To analyze the mechanism of miR-33b in Ems, the Wnt/β-catenin signaling pathway was investigated. It was demonstrated that miR-33b was able to target the 3′UTR of ZEB1 (Fig. 4A). Subsequently, overexpression of miR-33b suppressed ZEB1 protein expression by 0.34±0.04 fold, reduced Wnt and β-catenin protein expression by 0.44±0.06 and 0.32±0.12 fold, respectively, and induced Bax protein expression by 2.56±0.13 fold in the in vitro Ems model (Fig. 4B-F). Furthermore, downregulation of miR-33b induced ZEB1 protein expression by 1.94±0.17 fold, reduced Wnt/β-catenin protein expression by 2.57±0.07 and 2.72±0.14 fold, respectively, and suppressed Bax protein expression by 0.43±0.02 fold in the in vitro Ems model compared with the control group (Fig. 4G-K).

To examine the role of ZEB1/Wnt/β-catenin in the effect of miR-33b on Ems, si-ZEB1 or Wnt agonist were co-transfected with miR-33b mimics in Ems. As illustrated in Fig. 5A-E, compared with the miR-33b downregulation group, si-ZEB1 suppressed ZEB1 by 0.52±0.08 fold, decreased Wnt and β-catenin protein expression by 0.57±0.04 and 0.71±0.05 fold, respectively, and induced Bax protein expression by 2.36±0.07 fold in the Ems model. Furthermore, compared with the miR-33b overexpression group, the Wnt agonist induced Wnt and β-catenin protein expression by 2.01±0.06 and 1.61±0.05 fold, respectively, and suppressed Bax protein expression by 0.61±0.07-fold in the in vitro Ems model compared with miR-33b (Fig. 5F-I).
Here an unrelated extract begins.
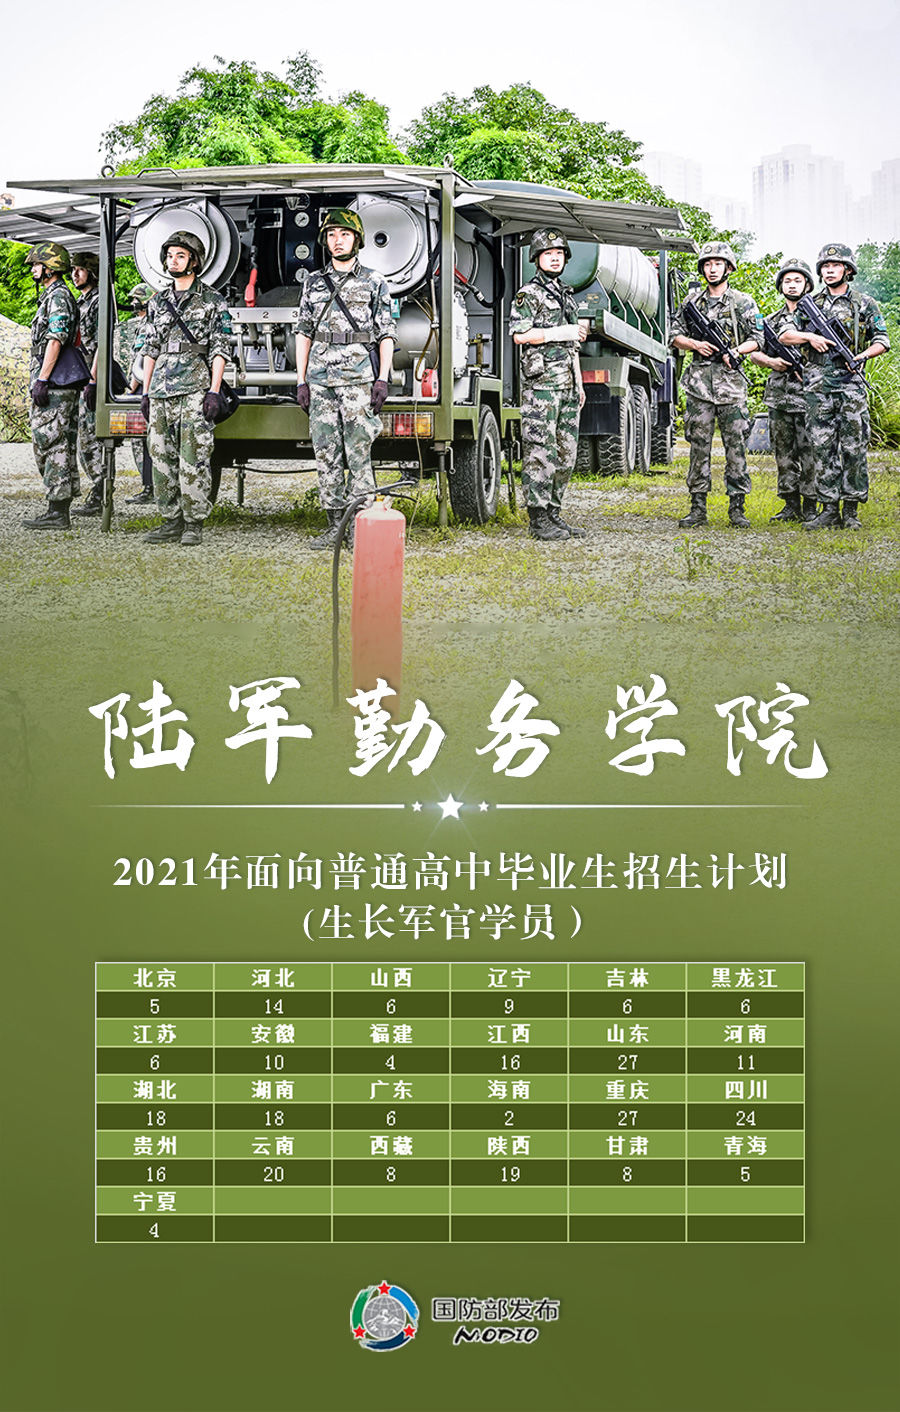 毕业生|海报丨今年27所军队院校计划招收普通高中毕业生1.3万余人

To gain insight into the function of miR-33b on Ems, the effect of the ZEB1 inhibitor on the function of miR-33b in Ems was analyzed. Compared with the miR-33b downregulation group, ZEB1 inhibition reduced cell viability by 0.81±0.05 (48 h) or 0.71±0.08-fold (72 h), increased LDH activity by 2.12±0.04 fold, increased caspase-3 and 9 activity by 2.72±0.14 and 2.16±0.12-fold, respectively, and apoptosis rate by 2.26±0.07 fold in the in vitro Ems model (Fig. 6).
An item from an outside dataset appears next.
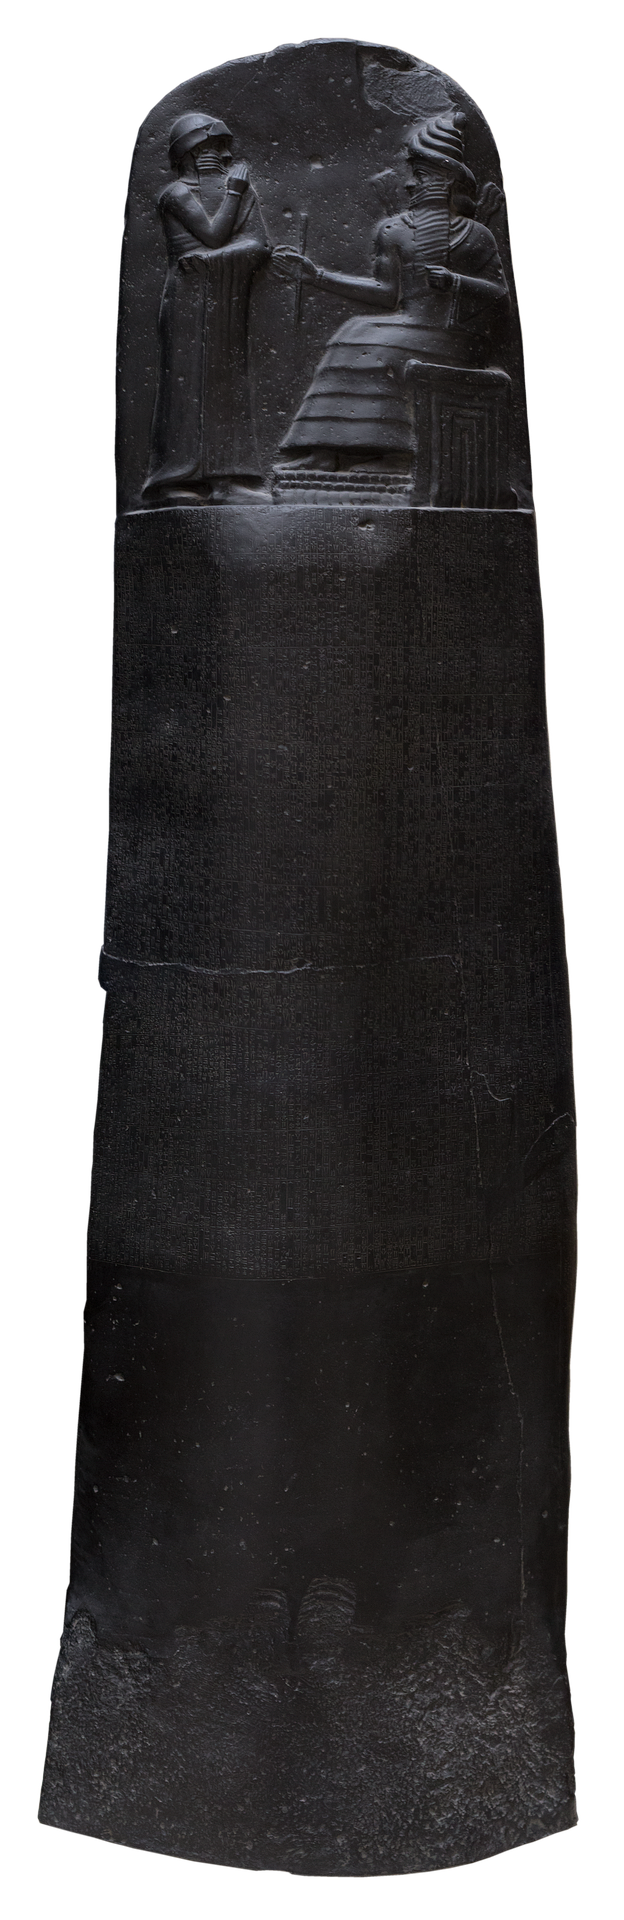 A black colored Code of Hammurabi at Louvre museum

Furthermore, miR-33b mimics were co-transfected with Wnt agonist in the in vitro Ems model. Compared with the miR-33b overexpression group, Wnt activation inhibited cell growth by 1.46±0.06 (48 h) or 1.86 ± 0.05 fold (72 h), LDH activity by 0.36±0.13 fold, caspase-3 and 9 activity by 0.39±0.03 and 0.48±0.12 fold, respectively, and apoptosis rate by 0.61±0.07 fold in the in vitro Ems model following miR-33b (Fig. 7).